Самиздат: [Регистрация] [Найти] [Рейтинги] [Обсуждения] [Новинки] [Обзоры] [Помощь|Техвопросы]
Ссылки:


 Ваша оценка:


   Три рыжих хвоста
  
   Не в Ирландии, и не в Бразилии, и не на островах Зеленого Мыса....
   И - заметьте! - вовсе не в пятницу, тринадцатого, а в обычный серый будничный вторник хвост явился на станции метро "Таганская".
   Это был солидный, уверенный в себе хвост, не суетливый, и с чувством собственного достоинства. К такому хвосту обычно прикреплена упитанная породистая корова, с крутыми бедрами и полным выменем.
   Но к этому хвосту не крепилось ничего, он просто висел в воздухе, как улыбка Чеширского кота. Некоторым диссонансом к его самодостаточности служил крепкий репей, запутавшийся в кисточке.
   Окружающие не особо замечали его - ну висит нечто, и пусть себе висит, никому не мешает: хвост помещался в стороне от основного людского потока. Москвичи не очень-то склонны глазеть по сторонам, а приезжие излишне озабочены своими делами.
   Некоторые, однако, обращали внимание, невоспитанно указывали на хвост пальцами, а один тип даже подергал его, за что получил кисточкой по носу. Какое-то время хвост провисел на станции "Таганской", потом переместился на станцию "Сокольники", где вызвал некоторый ажиотаж: хвост заметили, его фотографировали и снимали на мобильники, что хвосту явно пришлось по душе: он слегка подрагивал, от удовольствия, и пушил кисточку.
   Потом дежурная по станции сочла, что это непорядок, и попыталась хвост прибрать. Хвост в руки не давался, и дежурной пришлось побегать и взмокнуть. Однако с помощью добровольцев хвост все же был изловлен, сунут в пластиковый мешок для мусора, где, нервно и недовольно взбрыкивая, хранился до тех пор, пока дежурная не сдала его в конце смены под расписку.
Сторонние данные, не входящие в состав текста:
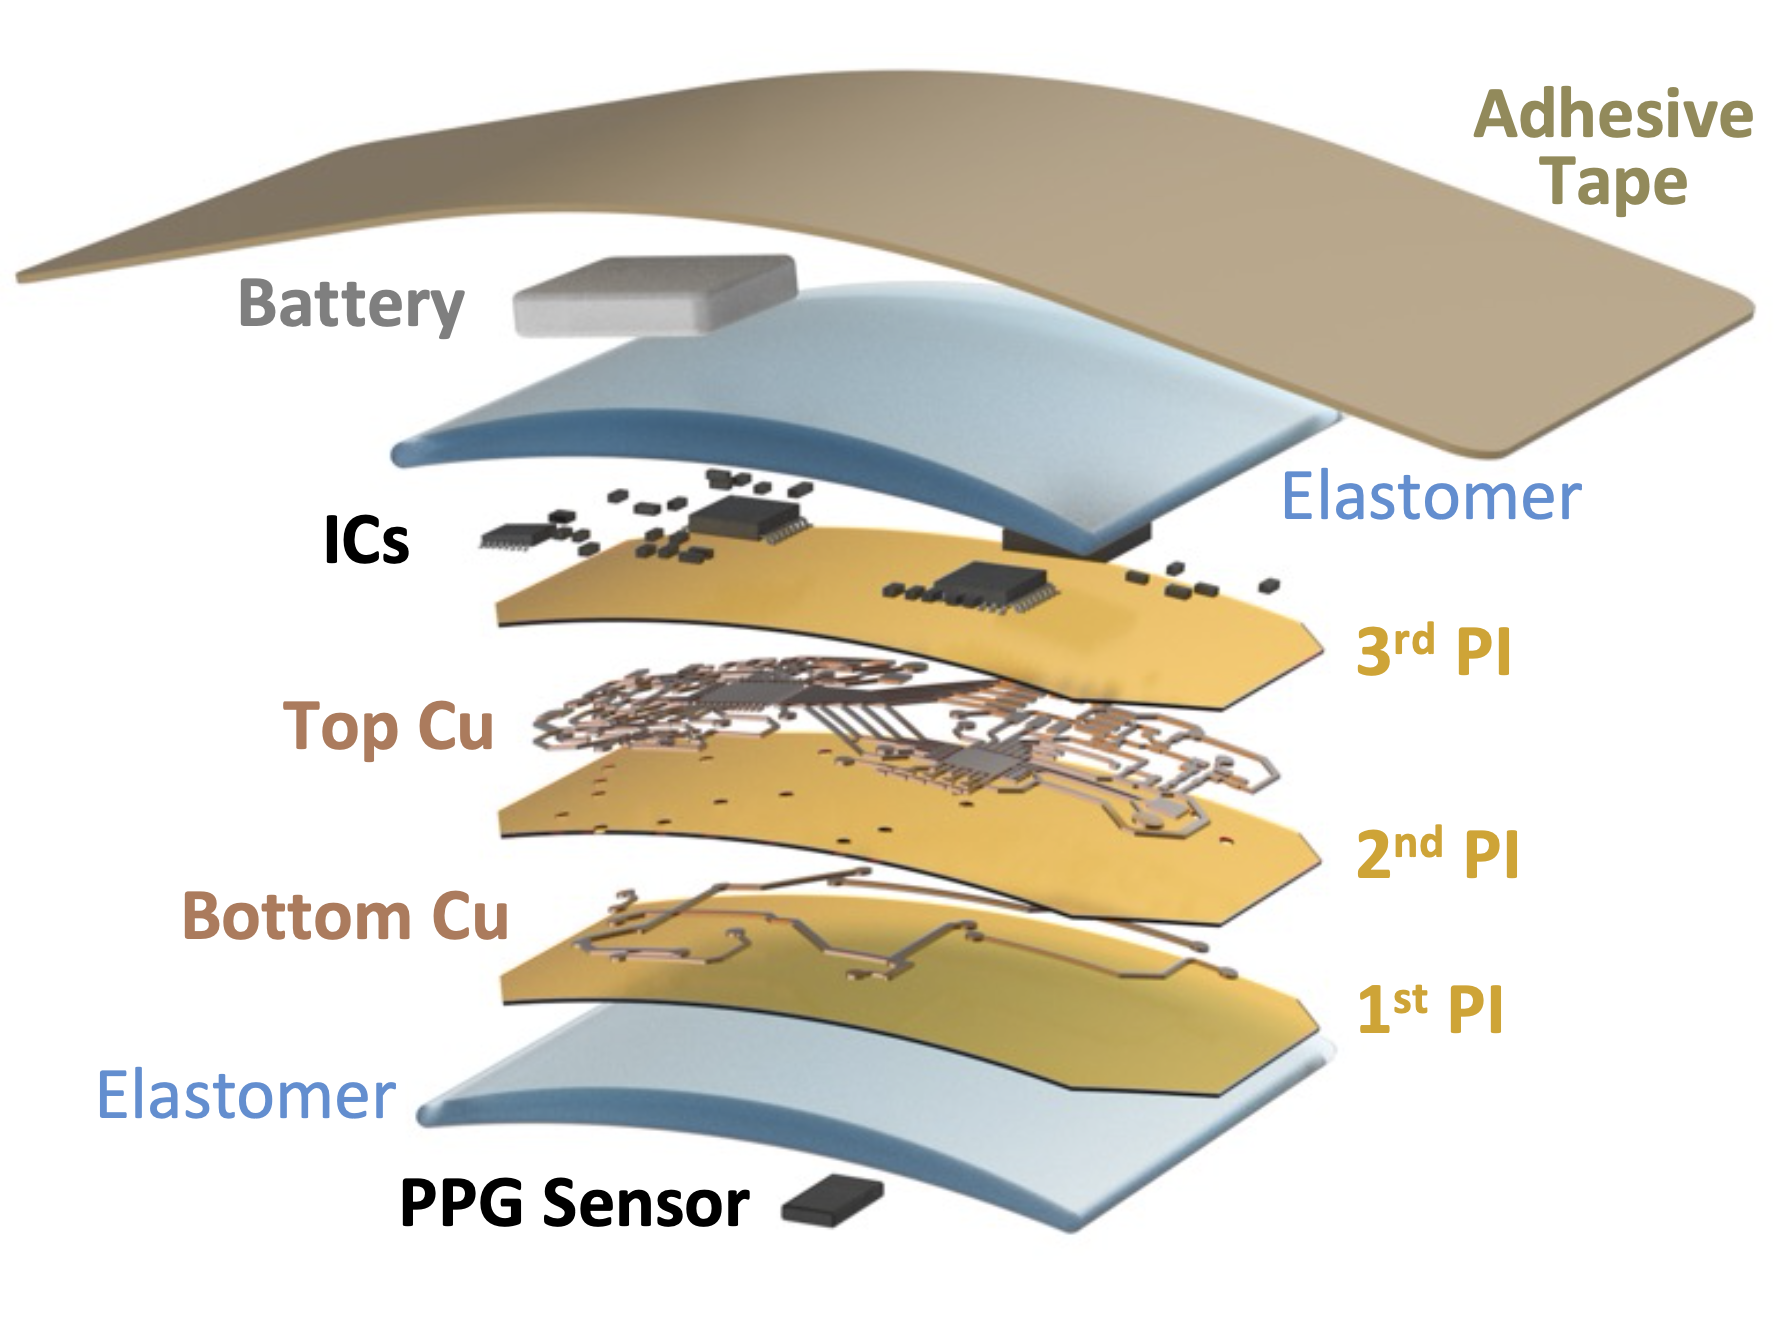 Bottom to top: PPG sensor, elastomer interface, bottom close-up, top close-up, ICs, elastomer interface, battery, and adhesive tape.

В результате хвост попал в стол находок, где и теперь пылится хвостосодержащий мешок с биркой "хвост коровий одна штука".
   Хвост номер два имел совсем иной темперамент - был он подвижен, любопытен и игрив.
   И шлялся по Невскому - ну, еще со времен Николая Васильевича, который Гоголь, Невский проспект притягателен для любопытствующих.
   Вначале хвост завис возле канала Грибоедова, потом заинтересовался конями на Аничковом мосту, затем взлетел и некоторое время носился туда-сюда, от Лавры до Дворцовой площади, как миниатюрный воздушный змей, только без поводка.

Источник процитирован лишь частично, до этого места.